After 7 months of hearings and protests amid complaints that some students were wearing symbols of the Confederacy to harass or intimidate classmates, Monday's vote sought to bring an end to the heated debate.
A surprising turn came when members moved to vote on the revised policy which read, "Students are not to wear clothing, buttons, patches, jewelry, or any other items with words, phrases, symbols, pictures or signs that are indecent, profane, or racially intimidating that create a reasonable forecast of disruption."
The board's attorney advised members the last line about "a reasonable forecast of disruption" was necessary to insulate the district from claims that it was violating student's free speech rights. But critics, who were arguing for an outright ban on the Confederate flag, insisted that leaving it up to school principals to decide what constitutes a disruption was too vague.

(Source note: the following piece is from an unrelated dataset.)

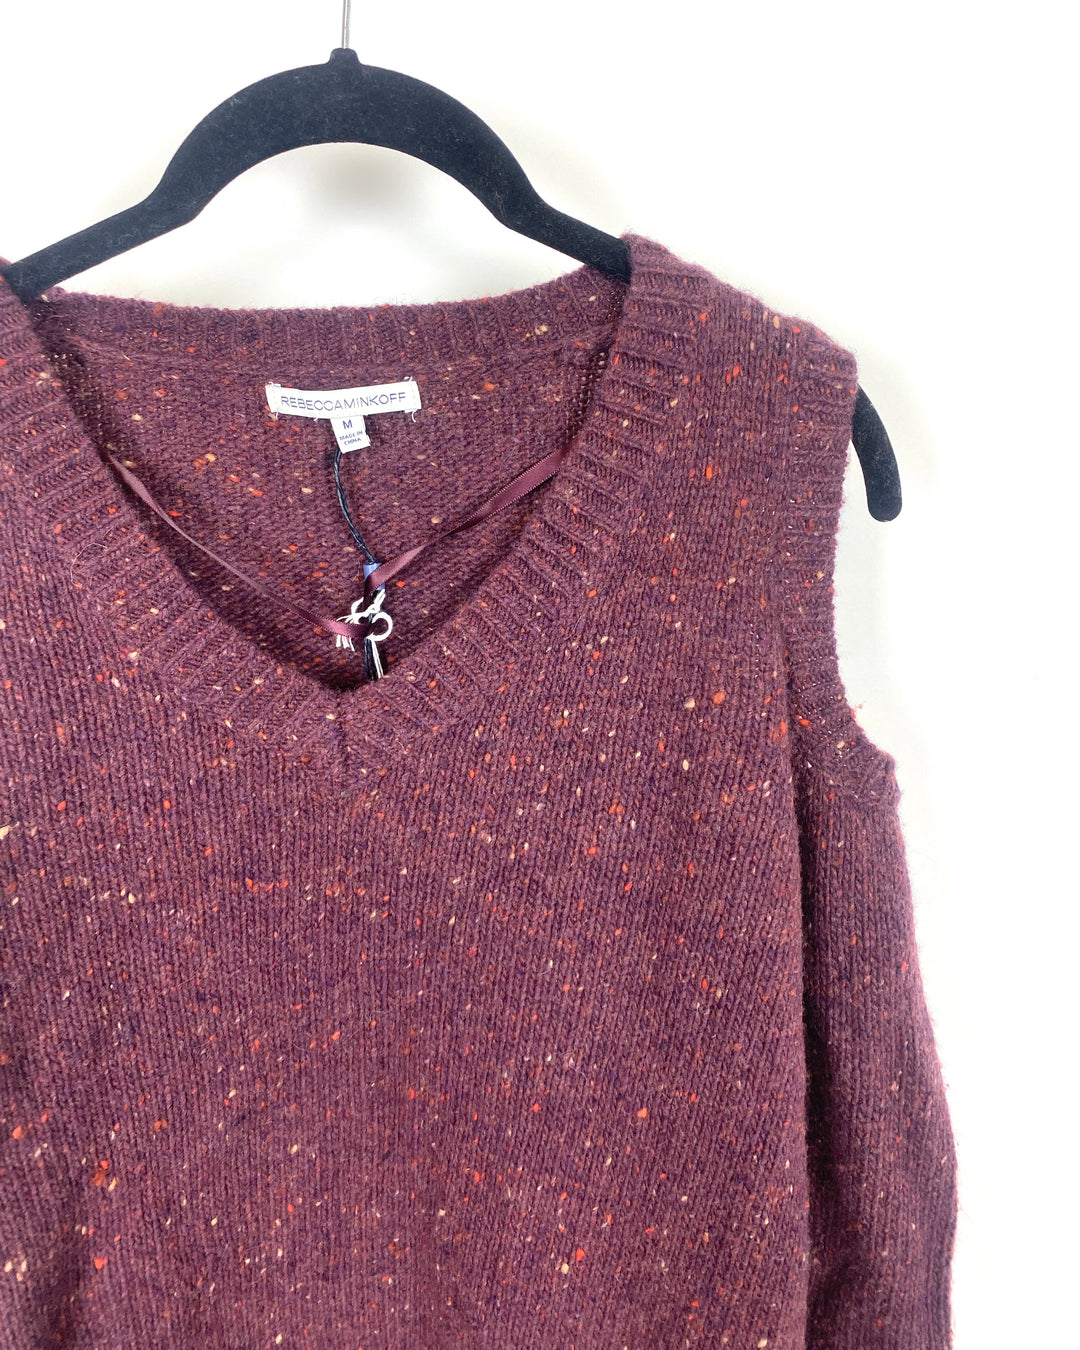 Purple Cold Shoulder Sweater - XXS, XS, S, M

"Likely to cause a disruption or reasonable forecast of disruption, that doesn't make sense, because that's essentially the policy we have now," Parent Tracey Sewell told the board.
The school board split 3-3 on the vote with member Brenda Stephens as the leading voice to change the language in the revised policy.
"I just have a little discomfort with that I would like that period after intimidating."
Board Chairman Dr. Stephen Halkiotis moved to strike out the language about disruptions. The new policy passed without opposition. There were cheers from the audience gathered inside the A.L. Stanback Middle School auditorium.
The Hate-Free Coalition, the leading advocates for a ban, called the vote a victory despite no specific ban on the confederate flag.
"It was a win to me," said Latarndra Strong, a parent leader of the coalition. "Tonight we've shown that when a community stands up and speaks for the people we can get change and be the type of school system we want to be."
There is one more hurdle to cross. The board will take a final vote on the revised dress code on June 26. But, that vote is largely procedural.